The video brought back the carved wooden galleries, the Italian cupola and the marble staircase of the mansion she had left behind when her family left Hyderabad during the Partition of the Indian Subcontinent in 1947 and the violence and upheaval that followed.
“I feel like I am back home,” she told her son, Dr. Suresh Bhavnani. Twenty days later, she passed away.
The picture taken on August 20, 2025, shows Mukhi House in Hyderabad, Pakistan. (AN photo)

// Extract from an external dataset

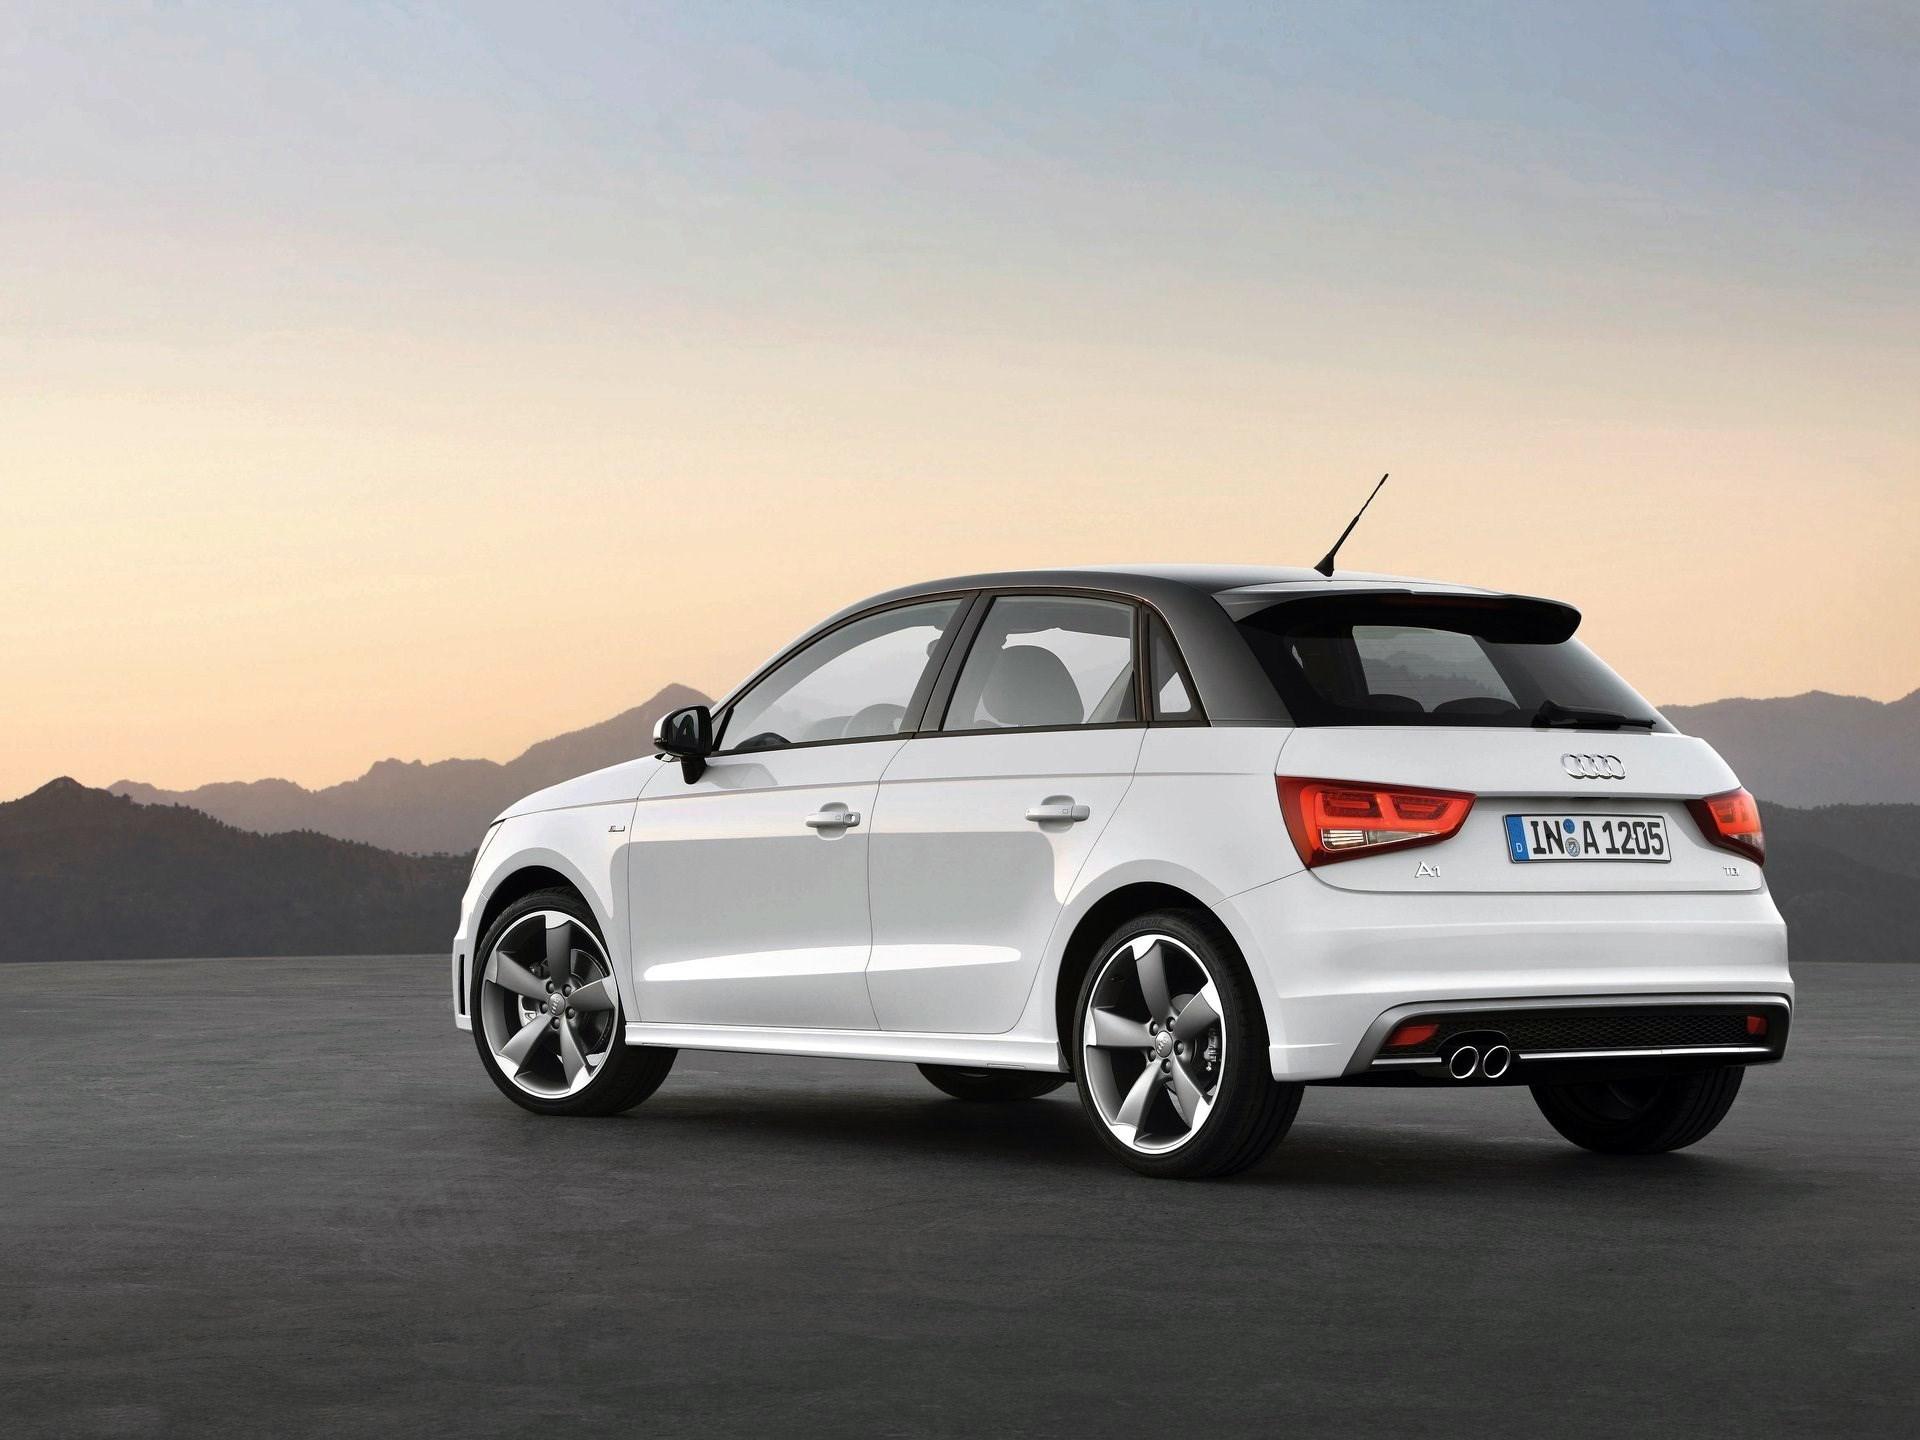 audi a1 neu 6 - Audi A1 neu bilder

Built in 1921 by her uncle Jethanand Mukhi, a Hindu politician and philanthropist, the three-story Mukhi House was more than a residence. With its Corinthian columns, mosaic floors, stained glass, and frescoed walls, it stood as a palace at the heart of Hyderabad. Its halls hosted luminaries of the era — Indian National Congress leader Jawaharlal Nehru and Sindh’s pre-Partition chief minister, Ghulam Hussain Hidayatullah, among others.